■ Exercise goal ■
Exactly the lines below starting at the line with "Rochie StarShinerS Brodata Sunrise White" and ending at the line with "사라져가는 동물을 생각하는" are wanted, with both ends included. Leave out the pictures and add no other lines.

■ Task input ■
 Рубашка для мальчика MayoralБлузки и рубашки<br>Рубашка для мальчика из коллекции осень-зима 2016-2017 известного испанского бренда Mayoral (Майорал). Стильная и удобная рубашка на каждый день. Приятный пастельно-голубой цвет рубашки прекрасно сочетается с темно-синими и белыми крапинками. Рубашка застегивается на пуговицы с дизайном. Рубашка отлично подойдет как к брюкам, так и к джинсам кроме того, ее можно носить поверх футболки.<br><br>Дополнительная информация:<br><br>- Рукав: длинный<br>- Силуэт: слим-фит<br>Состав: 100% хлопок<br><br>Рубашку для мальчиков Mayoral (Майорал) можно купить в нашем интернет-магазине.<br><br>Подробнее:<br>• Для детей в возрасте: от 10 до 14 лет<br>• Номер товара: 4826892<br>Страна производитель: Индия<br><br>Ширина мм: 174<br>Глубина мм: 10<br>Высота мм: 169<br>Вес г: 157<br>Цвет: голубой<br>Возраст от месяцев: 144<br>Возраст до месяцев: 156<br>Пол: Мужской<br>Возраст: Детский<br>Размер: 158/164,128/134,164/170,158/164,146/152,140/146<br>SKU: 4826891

* * *

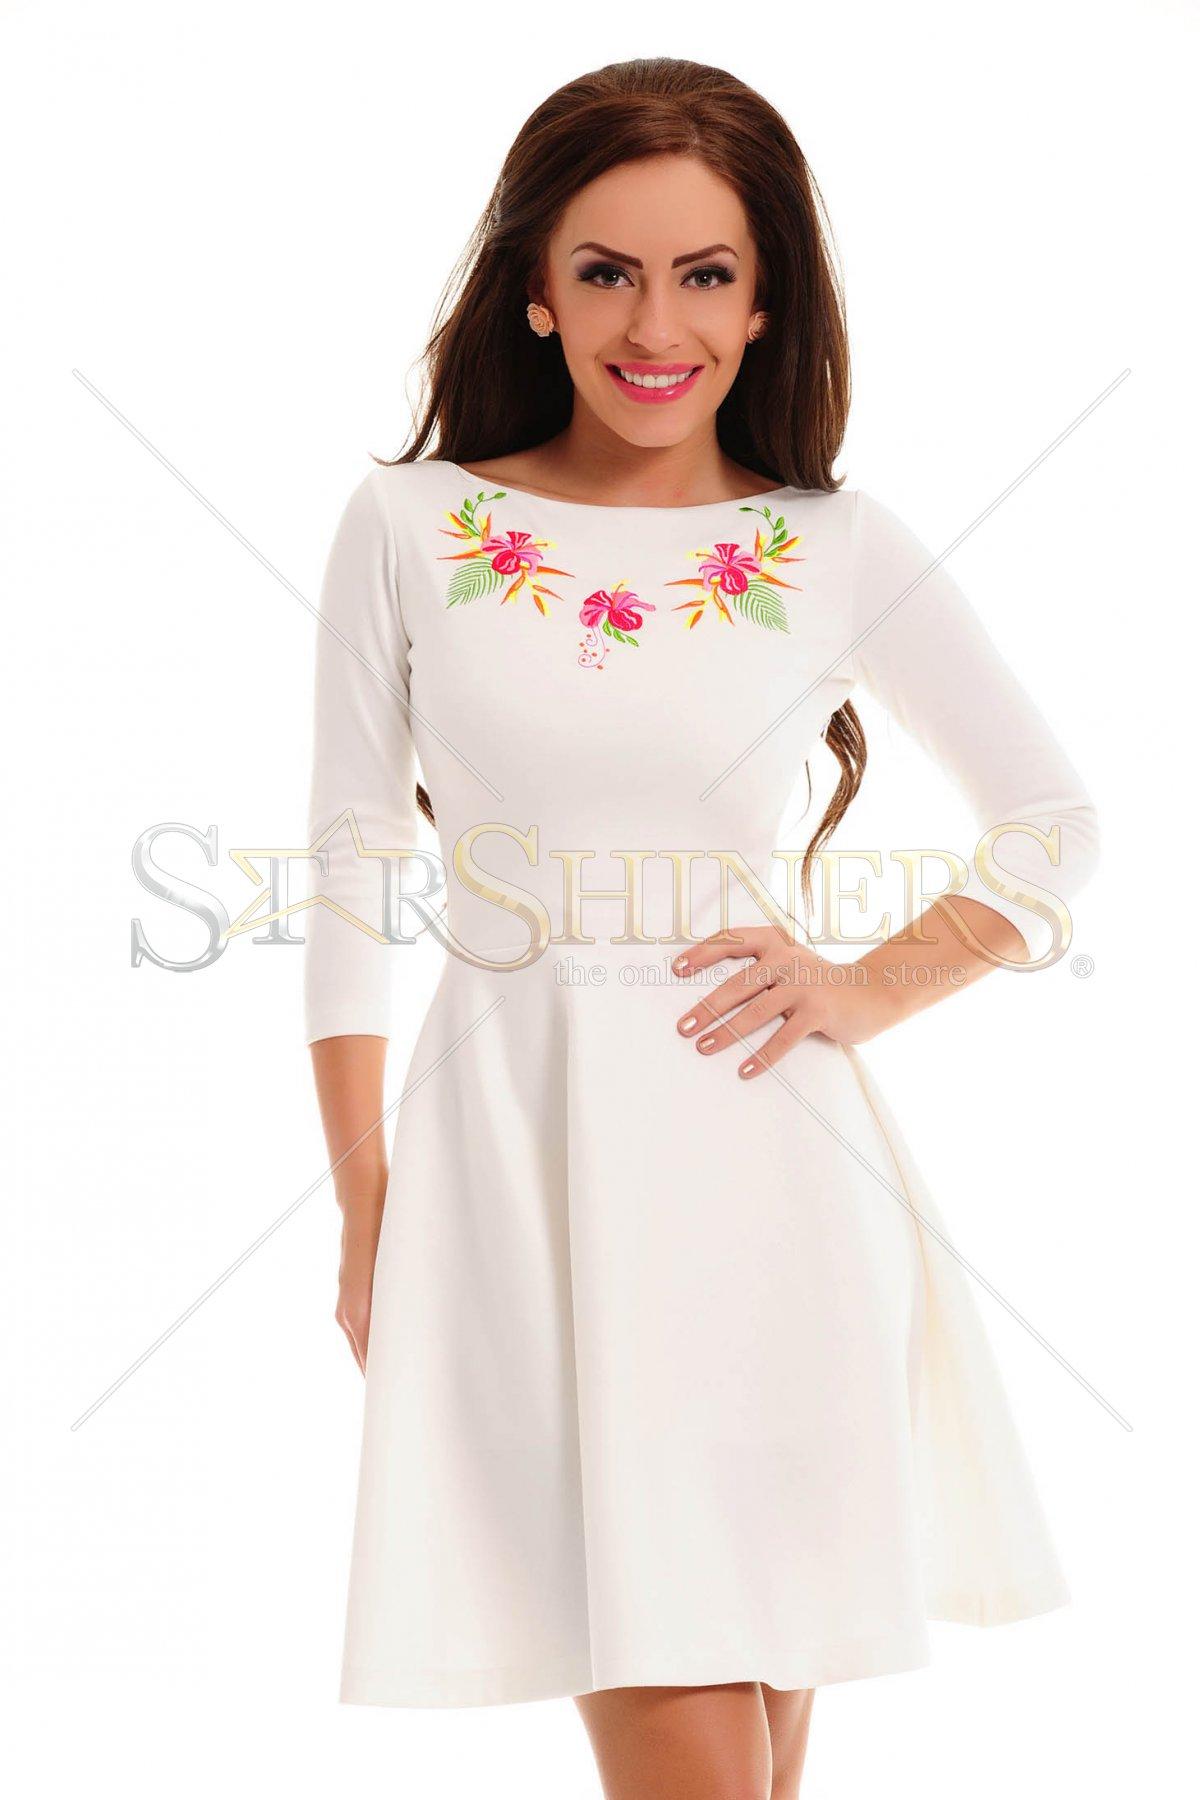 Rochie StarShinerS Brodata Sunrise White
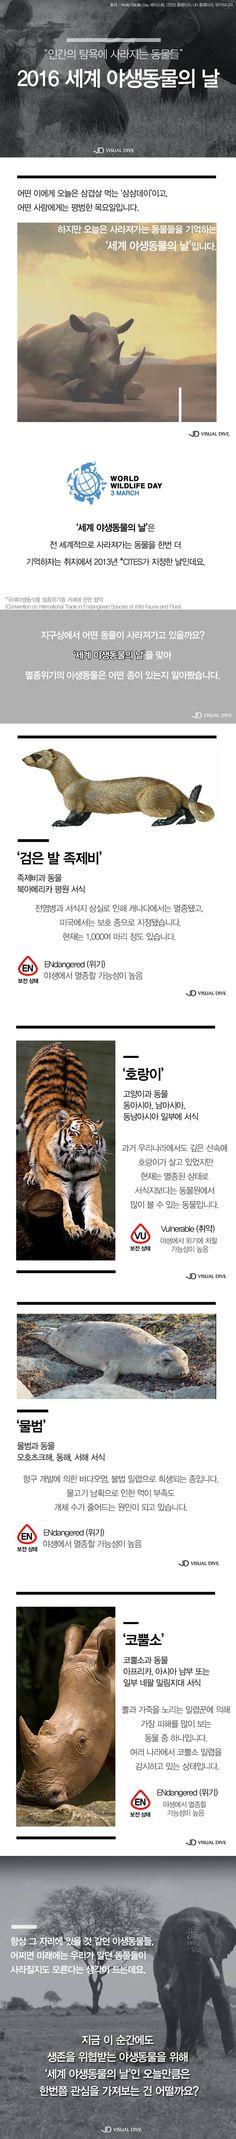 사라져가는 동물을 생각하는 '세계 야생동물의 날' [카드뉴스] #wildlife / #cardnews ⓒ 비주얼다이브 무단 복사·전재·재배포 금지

■ Task answer ■
 Rochie StarShinerS Brodata Sunrise White
 사라져가는 동물을 생각하는 '세계 야생동물의 날' [카드뉴스] #wildlife / #cardnews ⓒ 비주얼다이브 무단 복사·전재·재배포 금지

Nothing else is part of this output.